Do lado americano, Hadi até agora tem sido um grande aliado de Washington, um entusiasta do programa americano de drones armados que matam alvos no grupo terrorista al-Qaeda na Península Arábica que se escondem nas montanhas do Iêmen. Entre seus assessores, ele até tem o apelido de “Drone Hadi”, de acordo com fontes do Iêmen. Com US$ 1,4 bilhão dos americanos já gastos no Iêmen desde 2009 em forma de ajuda econômica e militar, e com mais US$ 232 milhões programados para serem desembolsados este ano, a administração do presidente Barack Obama está muito relutante em chamar o que esta acontecendo no Iêmen agora de um golpe. Pela lei americana, qualquer ajuda de Washington tem que ser suspensa se houver um golpe militar em um país. Então, preparem-se para acrobacias verbais ridículas de oficiais americanos nas próximas semanas para não chamar um golpe de golpe.

Além da ameaça dos houthis, essa nação de 26 milhões enfrenta um movimento separatista no sul do país, e a brutalidade da al-Qaeda, que continua matando em larga escala. O último ataque matou 37 pessoas na frente de uma academia da policia em 7 de janeiro, o mesmo dia dos ataques terroristas em Paris. Além disso, o país enfrenta uma crise hídrica aguda, estando entre os cinco piores do mundo em termos de quantidade de água per capita por ano. Segundo o Banco Mundial, até a Somália tem mais água por pessoa que o Iêmen.

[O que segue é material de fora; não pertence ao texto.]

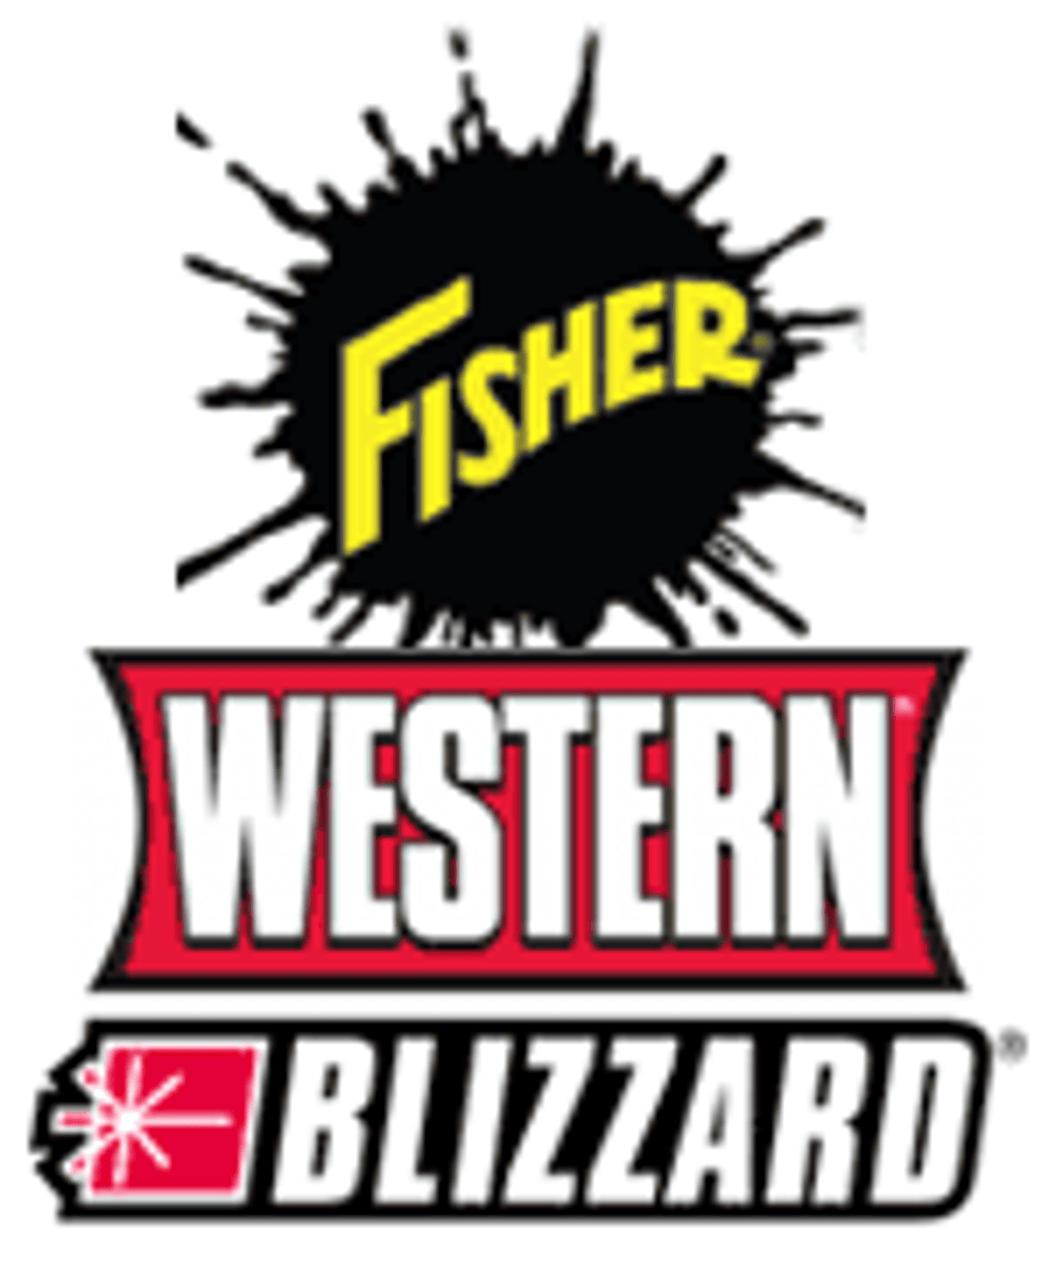 28802-1 - FISHER INTENSIFIRE -WESTERN NIGHTHAWK -BLIZZARD STORM SEEKER - SNOWEX  HEADLIGHT SERVICE KIT (PS)

A audácia dos houthis e o uso de força por eles mostram que não há muito espaço para negociar. Eles querem mais poder e ponto final. Com certeza, o Irã esta por trás desta súbita mostra de vontade e coragem e, com isso, compra uma briga feia com os estados do Golfo e os EUA. Não vejo nada de muito bonito no futuro desse confronto. A Arábia Saudita não vai ficar sentada e deixar o Irã estabelecer mais um Estado-cliente na porta do reino. Já bastam o Iraque, a Síria e o Líbano.